The rest of the paper is organized as follows. In Section II related work is presented, while Section III gives an overview of the ECG analysis flow. In Section IV follows a proposed methodology for ECG analysis HW/SW co-design. Section V offers some information in terms of technical background on the utilized device and the voltage and current supplies that are necessary for the operation of the Zynq-7000 APSoC and explain how the consumed power is measured through the PMBus. In Section VI the different versions of our implementations are discussed and in Section VII the experimental results, in terms of consumed energy are provided. Finally, Section VIII concludes this paper.
II. RELATED WORK
Most biomedical devices used for monitoring and detection of abnormalities in biological signals aim to provide accurate and trustworthy results in real-time, hence, in many cases significant acceleration is essential to be achieved. On top of that, a possibly portable and/or wearable device needs to satisfy certain requirements in terms of power consumption or even the transmission of data to/from a data center where they could be evaluated.
On this ground, in [9] a multi-sensor system for human activity evaluation including a wireless module for communicating with a smartphone, exploiting the benefits of the Zynq-7000 APSoC in terms of HW/SW programmability and power management has been developed. The combination of PS and PL sides proves a lot more beneficial for the system performance when compared to previous ARM-based wearable systems, not only in execution latency but also in power consumption as frequency scaling is applied when it is not necessary for the processing system to operate in full speed.
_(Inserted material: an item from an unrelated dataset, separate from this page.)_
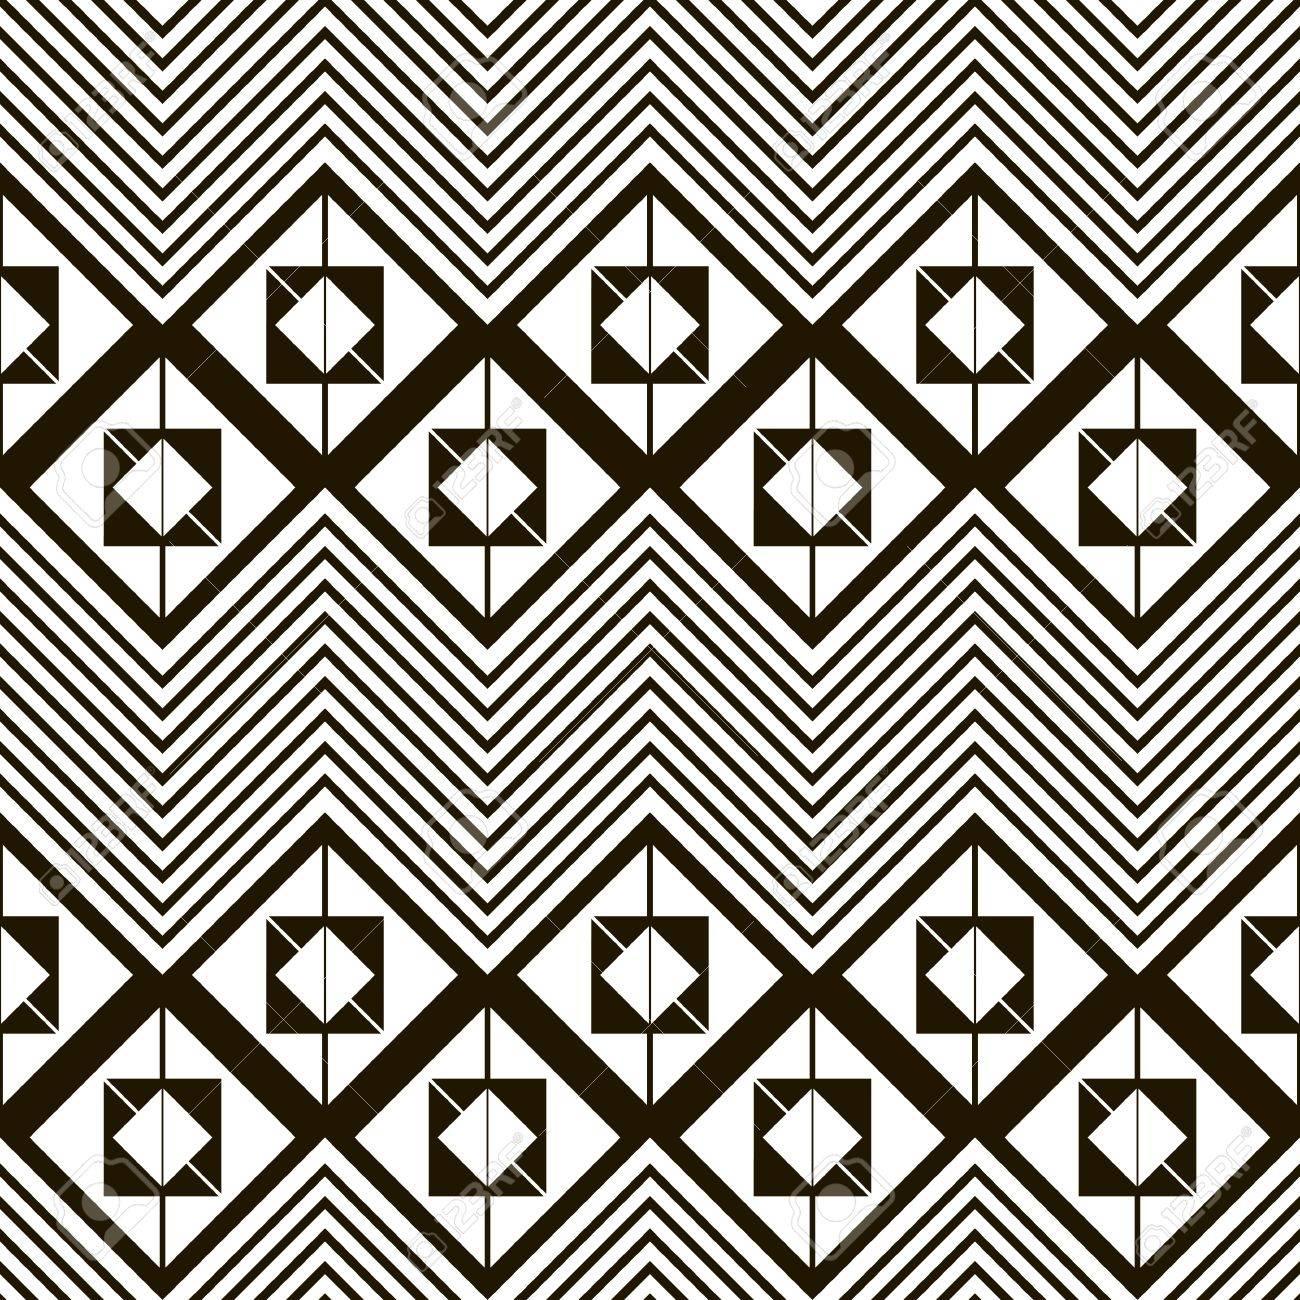 Nahtlose Schwarz-Weiß-Muster Von Horizontalen Zick-Zack. Quadrate ...
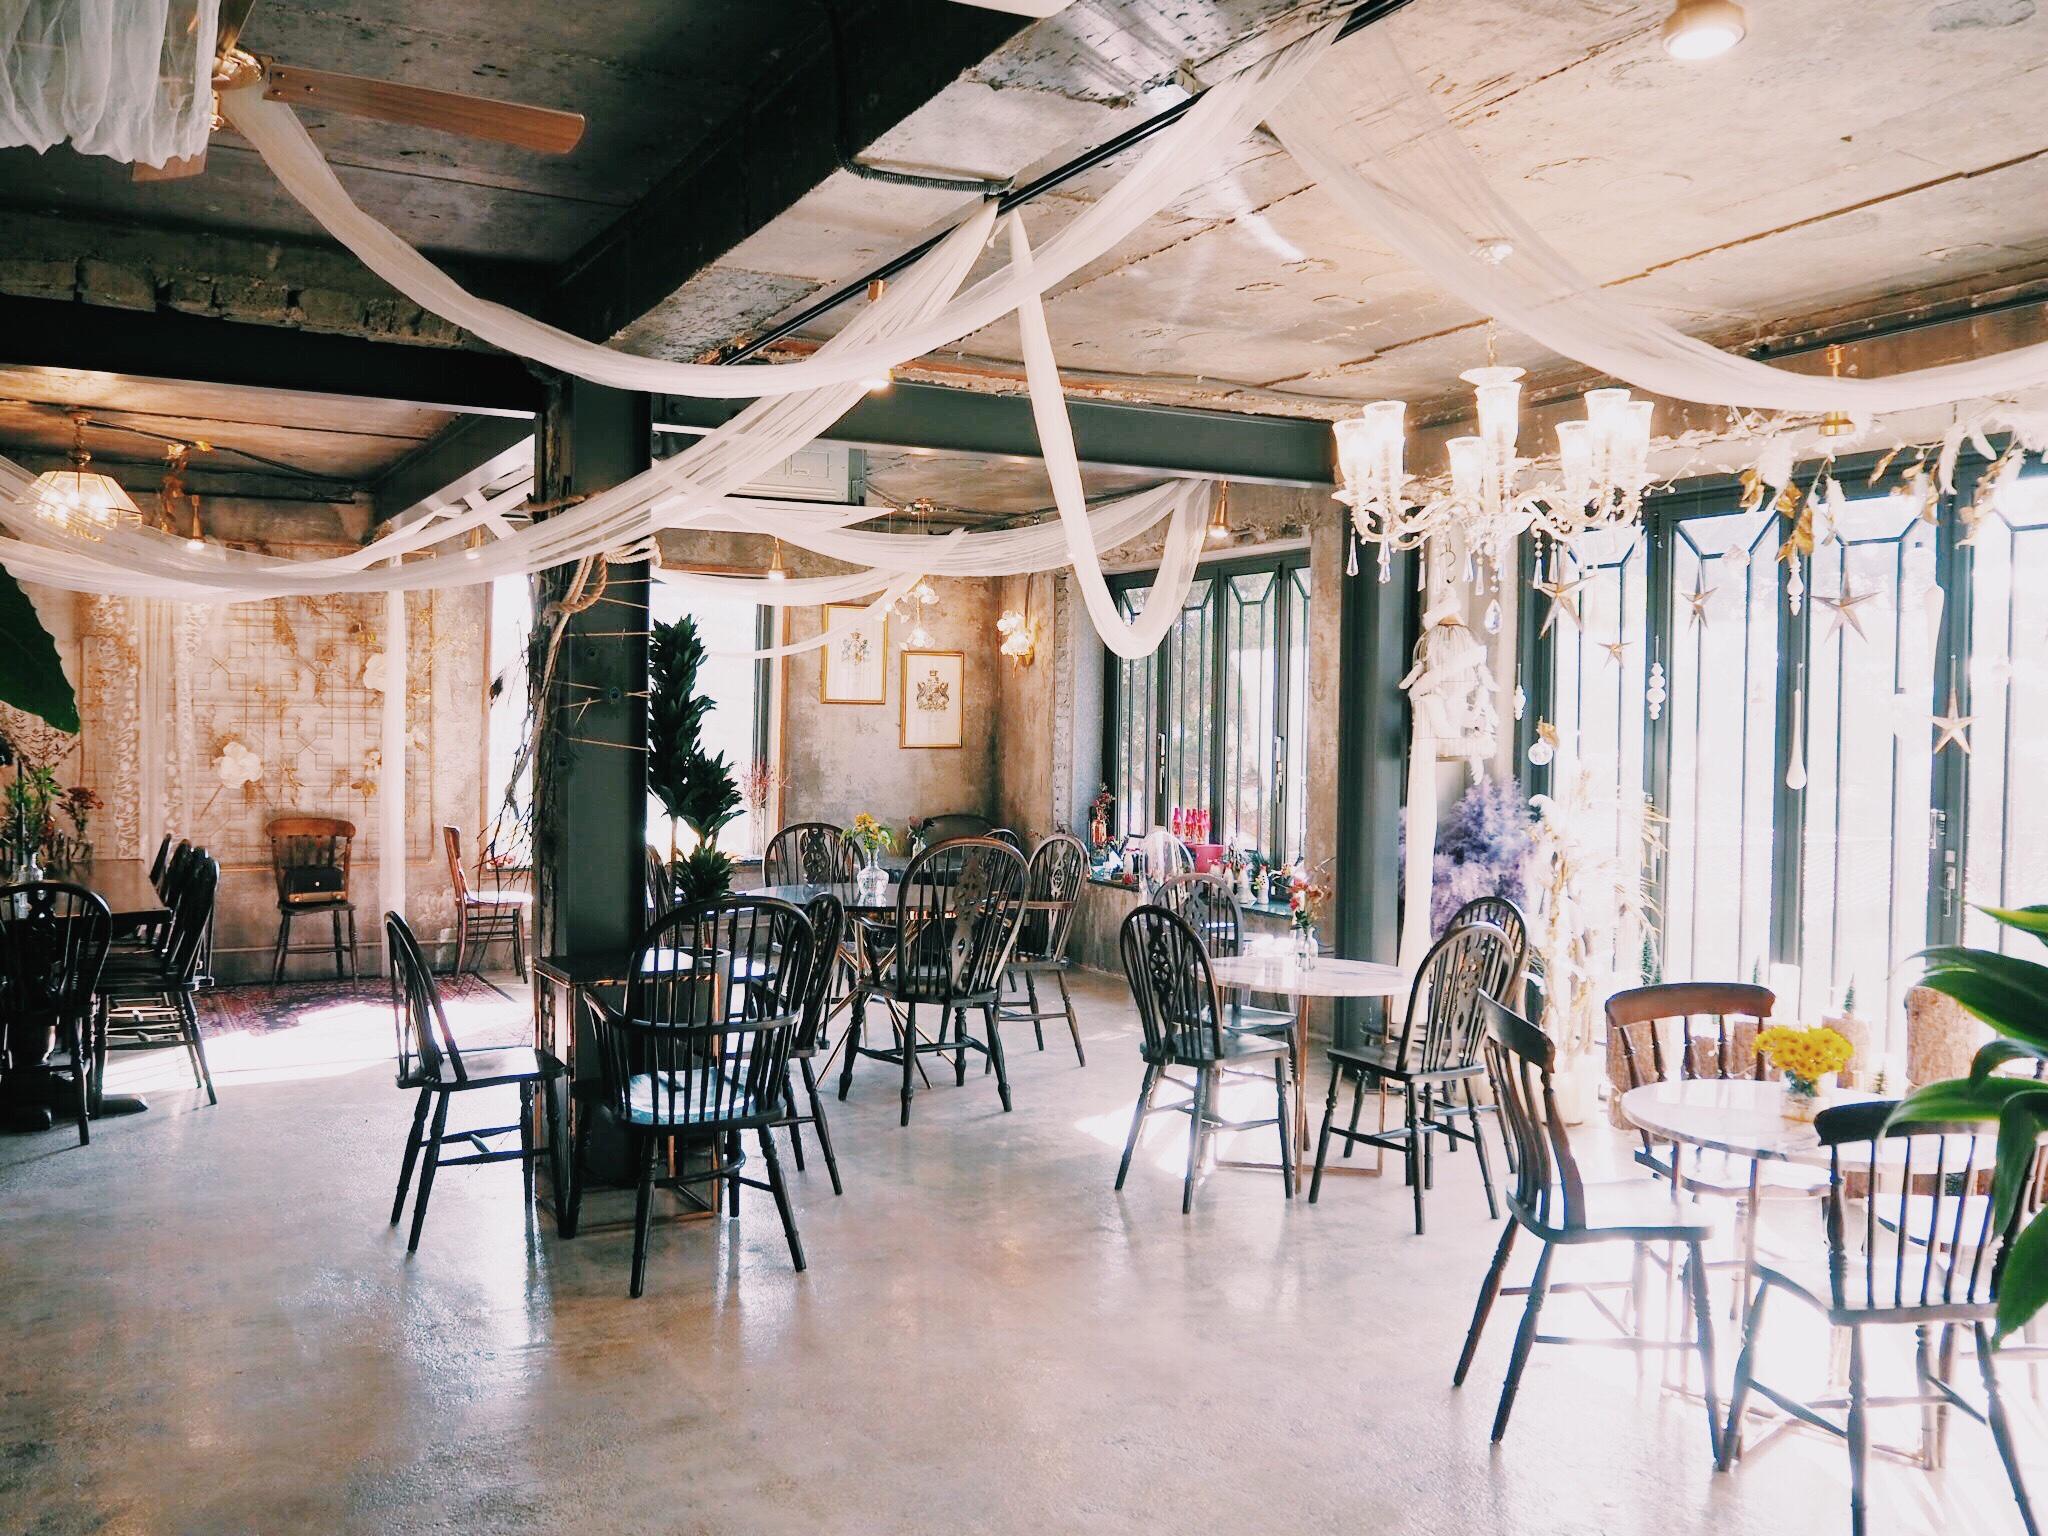 536fabe4 df6a 4f10 8f57 4a0073ffa04a - GRAND MUSE - まるで隠れ家一軒家。韓国ソウルにオープンしたケーキプレートがおしゃれなカフェ

In the HW acceleration direction, in [3] an HLS approach is adopted to the design of an SVM classifier for arrhythmia detection as a HW accelerator. This classifier is the final stage of an ECG analysis flow and for determination of an optimal solution a systematic Design Space Exploration has been applied. The writers claim to have achieved execution latency gains of up to 94% compared to the original softwareonly version of the SVM code.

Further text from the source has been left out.